Crowdsourced content. Savvy planners use social media to solicit suggestions for speakers’ topics and ask attendees to vote for or against them.
Webinars. Savvy planners contract with speakers to provide pre-event Webinars. Positive word-of-mouth about the Webinars helps generate attendees for the face-to-face event.
Radio stations. Savvy planners create a radio station and produce interviews with speakers, event committee members and representatives of the host city.
Video FAQs. These produce a video that answers common questions and share it through social networking sites.
“I’m Attending” badges. Savvy planners create digital badges that attendees can embed on their Facebook pages. The badges can link to the event’s Website.
Are you prepared for a social media crisis?
In the event of one, Jay Baer and Amber Naslund, in The Now Revolution, recommend these eight steps:
Acknowledge the crisis. Right at the onset, let customers and social media onlookers know you’re not asleep at the wheel.
Fight fire with fire. It’s imperative to communicate through the vehicle where the crisis started. If it broke out on Twitter, respond first on Twitter.

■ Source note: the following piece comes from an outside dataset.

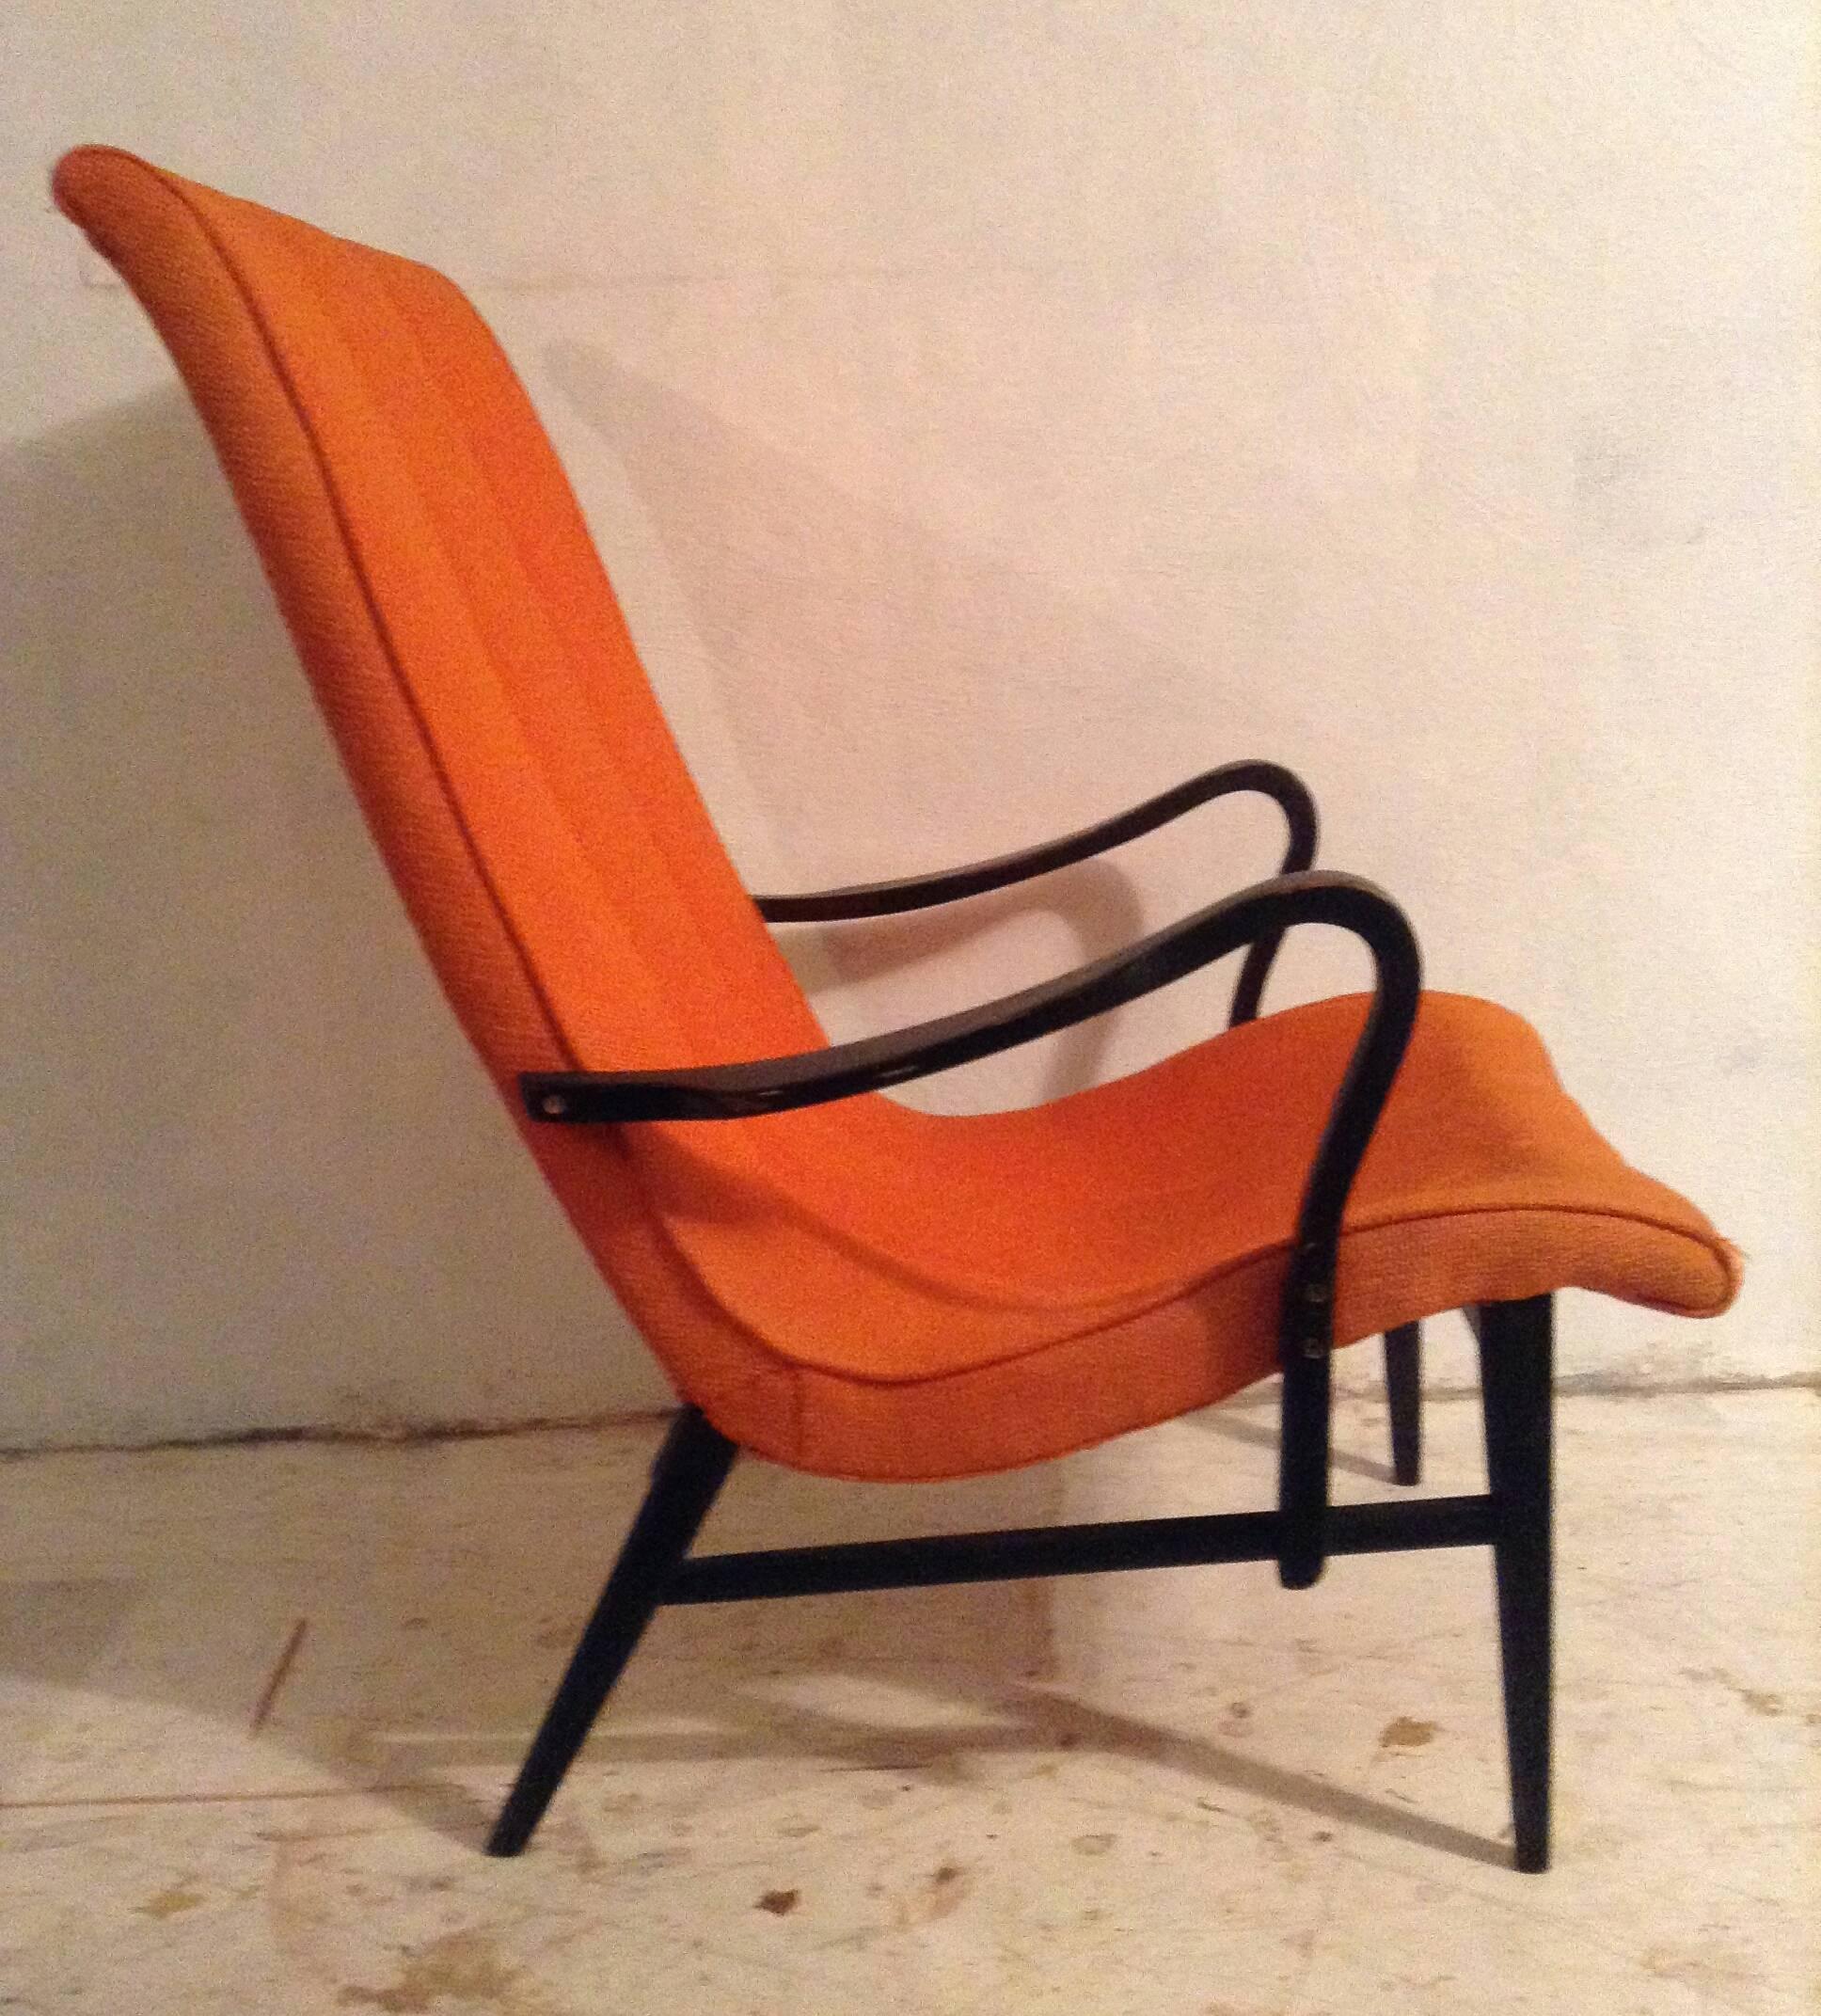 Japanese Modernist High Back Lounge Chair, Made in Japan, Manner of Bruno Mathsson

Apologize. If you made a mistake and want the healing process to begin quickly, start with “We’re sorry.”
Create an FAQ. List the prominent inquiries about the crisis and provide your responses, even if you don’t have complete answers to every question. Update the document in real time.
Build a pressure-relief valve. Open your blog to comments and your Facebook page to discussions. Consider creating a dedicated discussion forum.
Know when to take it off line. Engage people who are extremely upset off line. You can usually reduce the toxicity.
Arm your army. Provide your team with the same information you provide the public. Often, communication professionals are so busy during a crisis they fail to keep employees in the loop.
Learn your lessons. Once the crisis has abated, document it, so you reconstruct and learn from your response.
Are you struggling to get new customers and keep old ones?
In his book The New Experts, adman Robert Bloom offers seven ways to build customer preference in a pitiless world where "buyers no longer care who they buy from."
Benefit. First and foremost, you must offer your customer an immediate, personal advantage that's different from the ones offered by competitors. It must be real and "cannot be something that the customer considers trivial."
Website. No matter your business, besides a benefit, an easy-to-use Website is today's single most powerful buying influence.
Likability. As salespeople know, customer preference is also about likability. Customers seldom buy from someone they can't stand.
Trust. One of the most powerful buying influences, trust (unlike likability) takes time and sincerity to build.
Guarantee. Warranties provide a form of trust, but the key to them is simplicity. Complex guarantees backfire.
Best option. Customer preference can stem from a tiny detail that makes your business the best choice. You're always on time. You're always courteous. Your'e always neat. You're always cheerful.
Brand. Preference can boil down to what your brand says about your customer. "I feel respected as a client." "I feel good when I buy green." "I feel elegant when I shop there."
Now for the best news: it isn't easy, but any organization, of any size, "can create customer preference with big ideas and small ones."